Semantics example (the memory model not yet integrated):
https://github.com/kframework/jvm-semantics
http://fsl.cs.illinois.edu/index.php/K-Java:_A_Complete_Semantics_of_Java

Memory model and barrier elimination example:
http://gee.cs.oswego.edu/dl/jmm/cookbook.html
http://shipilev.net/blog/2014/jmm-pragmatics/
http://www.cl.cam.ac.uk/~pes20/weakmemory/index.html

tzwlai · 2016-01-07T23:24:27Z

@clrjunkie "Future" is just our way of saying "after March".

CC @jkotas @sergiy-k

jkotas · 2016-01-08T00:31:51Z

The IL memory model is described in the CLI spec http://www.ecma-international.org/publications/standards/Ecma-335.htm. I agree that it would be nice to have more formal writeup.

Nothing have changed about the IL memory model for x64 Linux/Mac port.
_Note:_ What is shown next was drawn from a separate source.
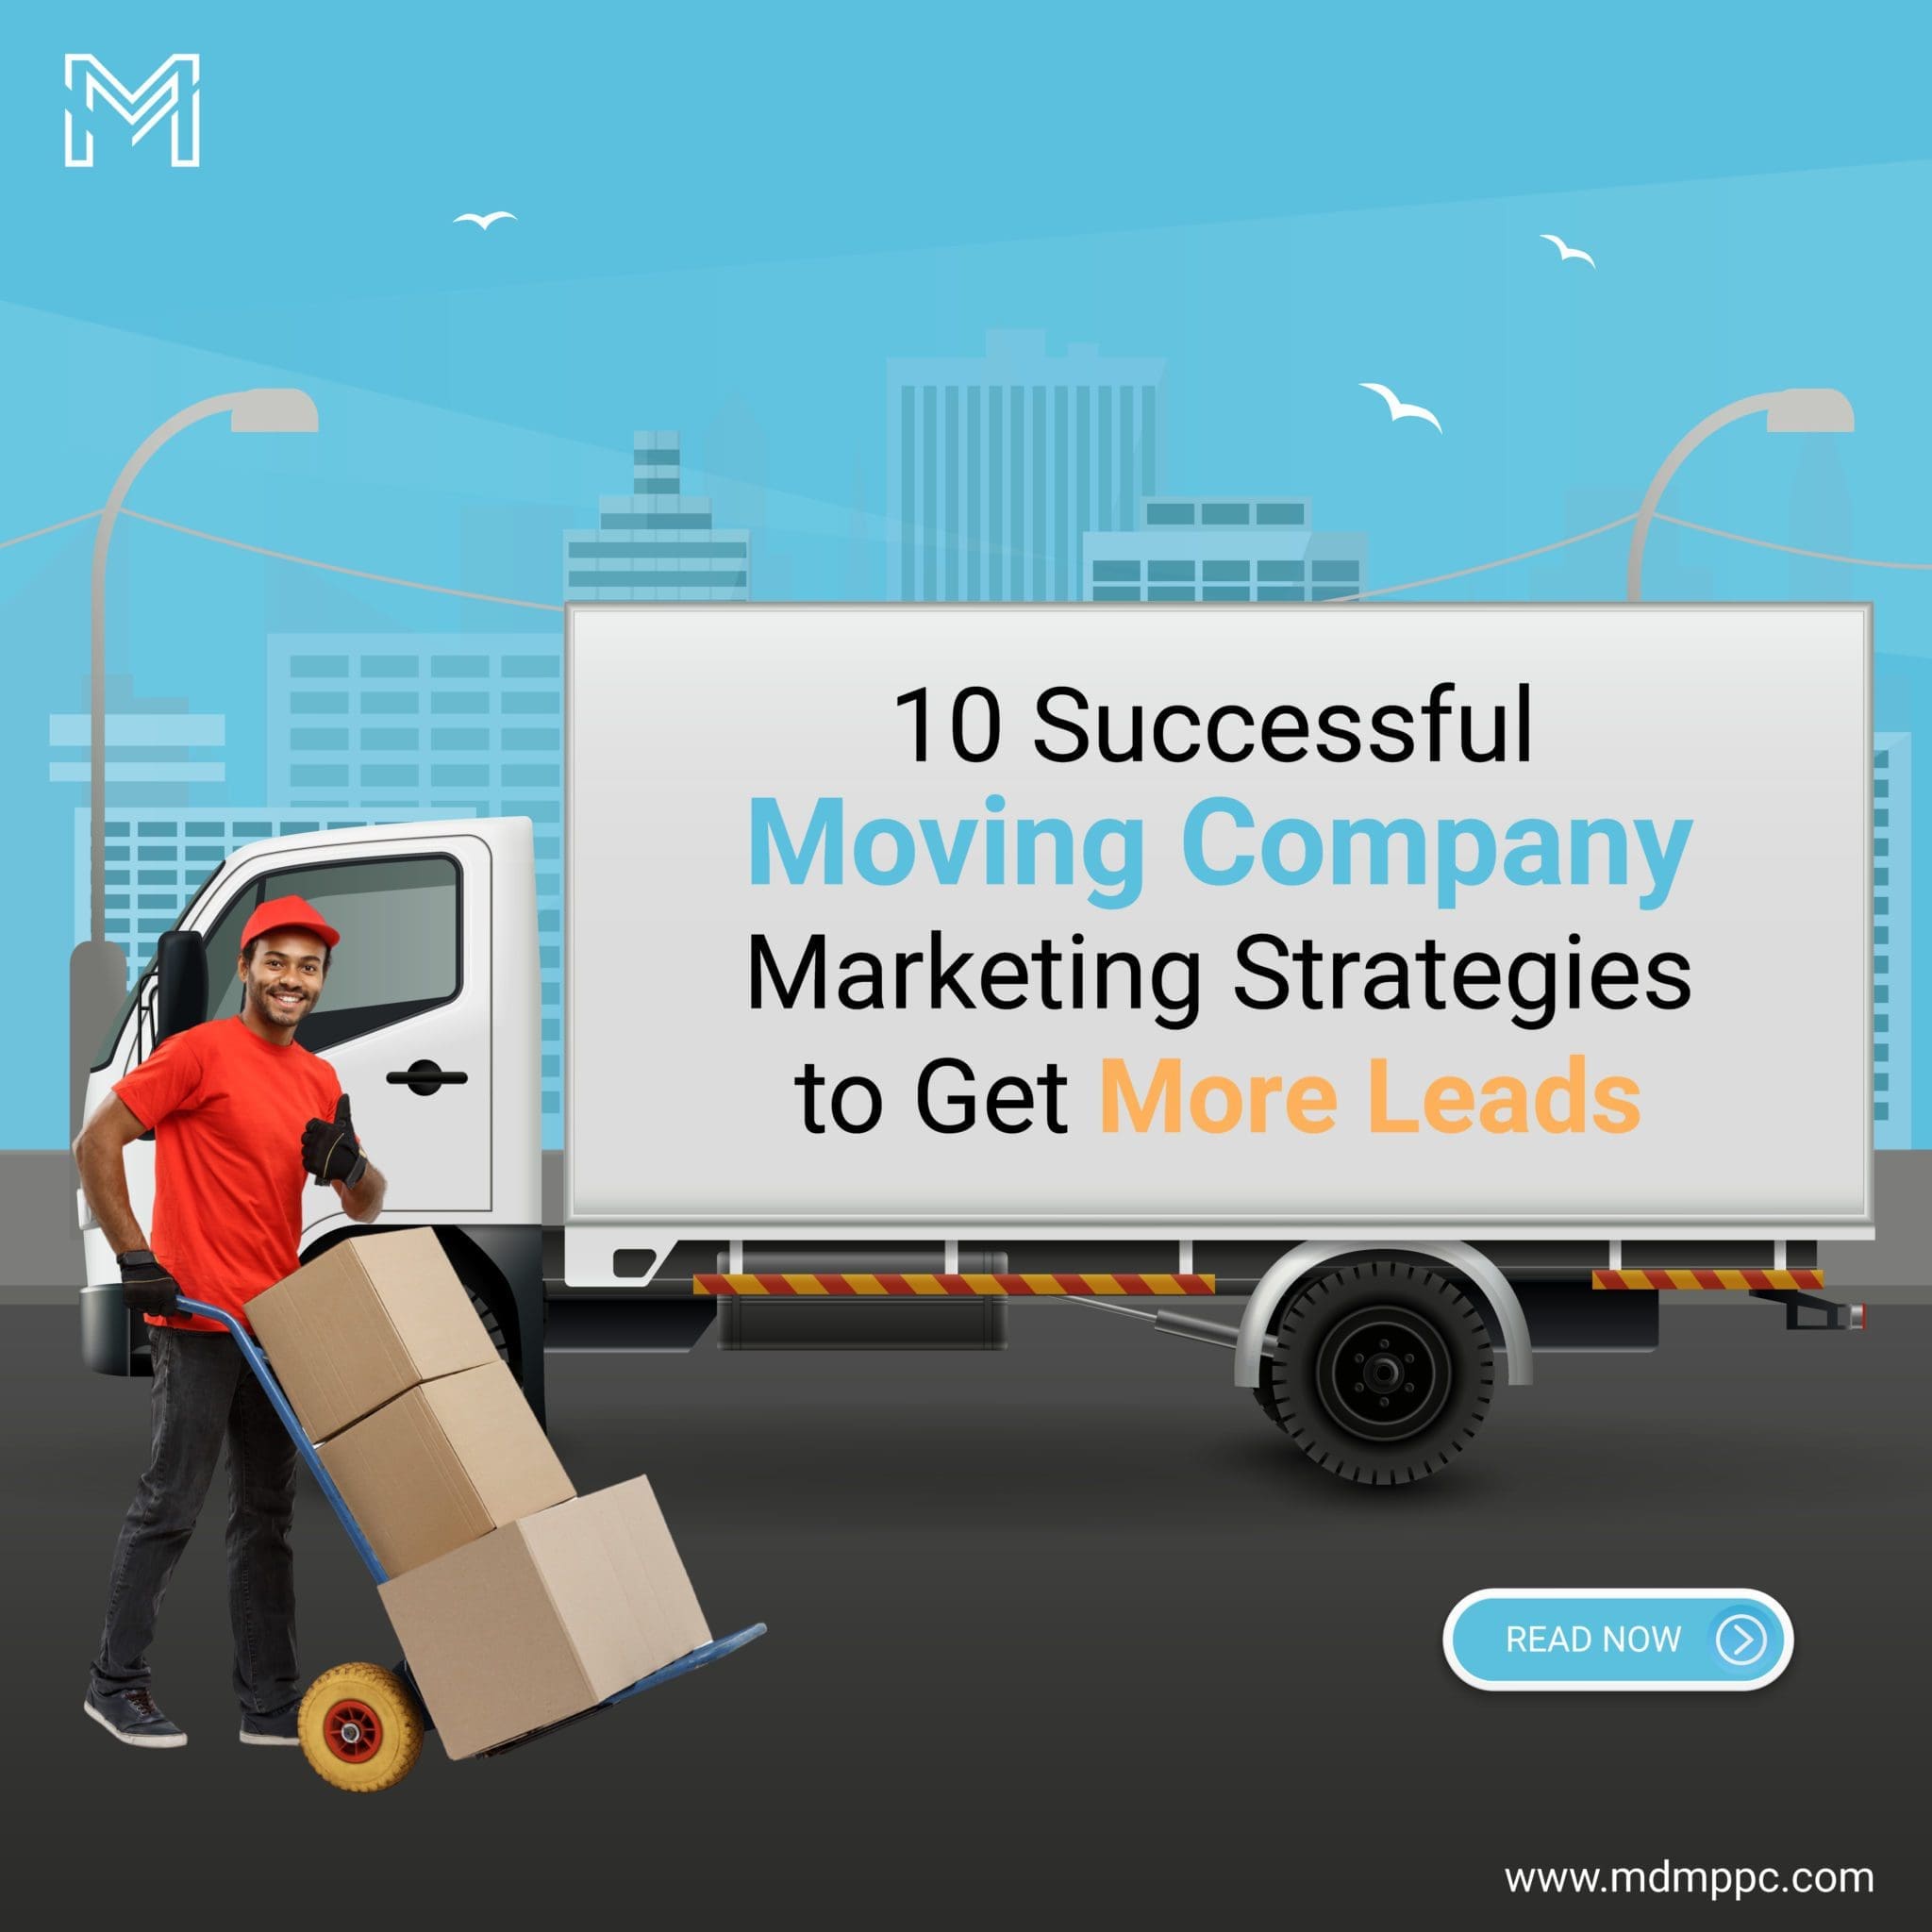 10 Best Moving Company Marketing Strategies to Get More Leads

clrjunkie · 2016-01-08T10:01:09Z

@jkotas Thanks. I think this needs to be better communicated to the community as well as to MS Devs, preferably on the CoreClr GitHub Repo front-page. I noticed a piece of code in .NET Core that included a code comment about possible change in behavior in this area and if I recall correctly the code comment was about justifying the use of Volatile.Read as a means to ensure consistent semantics across different platforms other than Windows (which is by the way what triggered me to open this issue).
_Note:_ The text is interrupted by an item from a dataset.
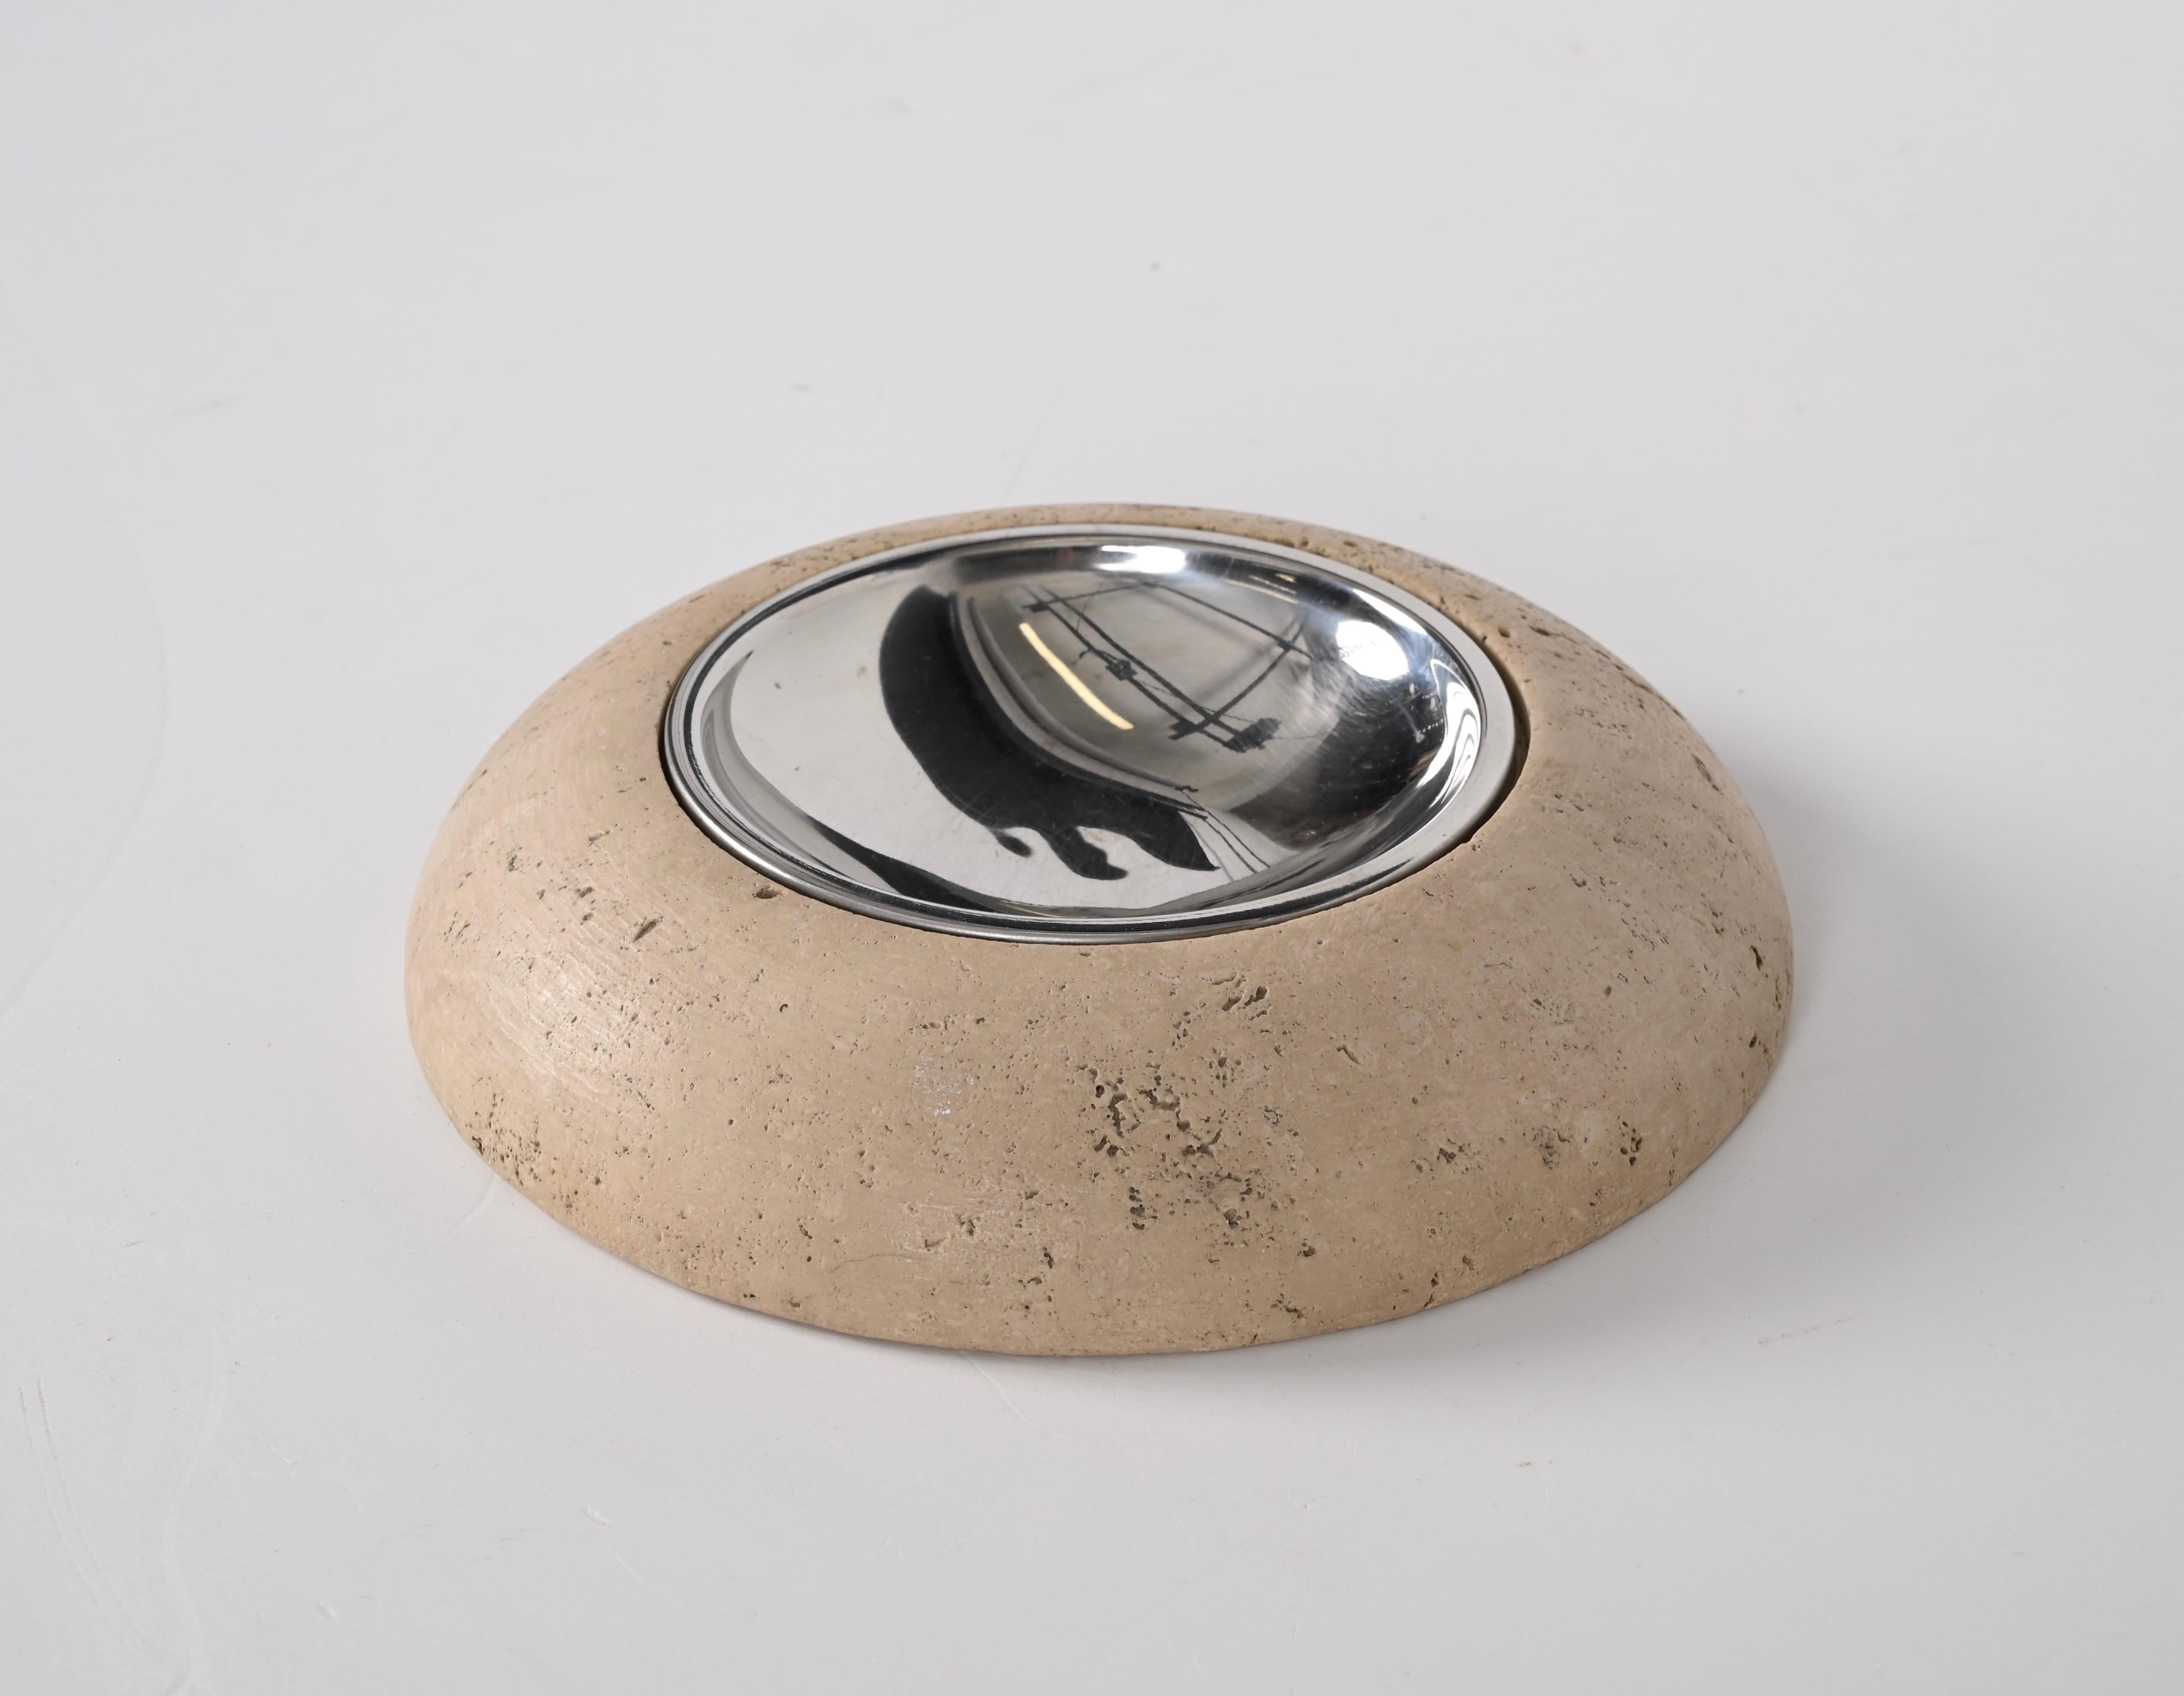 20th Century Midcentury Round Ashtray White Travertine Marble and Steel, Mannelli Italy 1970s For Sale

I'm leaving this issue open so others know about this, but I suggest that your above statement and reference to the CLI spec be published to a more visible page, even before a formal writeup.

clrjunkie · 2016-01-08T10:52:25Z

@tzwlai

"Future" is just our way of saying "after March".

Thanks.

jkotas · 2016-01-08T12:55:42Z

noticed a piece of code in .NET Core that included a code comment about possible change in behavior

Could you please share link to this piece of code?

zpodlovics · 2016-01-08T13:19:23Z

Yes, I am aware of the ECMA 335 spec five page "I.12.6 Memory model and optimizations" section.

CarolEidt comment from https://github.com/dotnet/coreclr/issues/422

"As far as I know there is no formal definition for the CLR memory model, though this blog post from some years ago describes the de facto model pretty accurately, I believe: http://joeduffyblog.com/2007/11/10/clr-20-memory-model/. A couple of additional points:

First, the JIT is somewhat more conservative than Joe describes in his post. That is, I don't think it will eliminate stores to "non-local" fields even if they are "adjacent" (i.e. not separated by any calls or aliased references that could be accessing them). By "non-local" I mean any location that may be visible to other threads.

Second, the JIT is also somewhat limited in its optimizations, which means that even the load will not be eliminated because it would require a loop transformation to enregister the counter prior to the loop."

Joe Duffy comment from the same page:

"We have constructed our model over years of informal work and design-by-example, but something about the JMM approach is far more attractive. Lastly, what I've described applies to the implemented memory model, and not to what was specified in ECMA."

clrjunkie · 2016-01-08T14:01:27Z

"We have constructed our model over years of informal work and design-by-example, but something about the JMM approach is far more attractive. Lastly, what I've described applies to the implemented memory model, and not to what was specified in ECMA."

😕

clrjunkie · 2016-01-08T15:07:33Z

@jkotas I don't quite remember the filename..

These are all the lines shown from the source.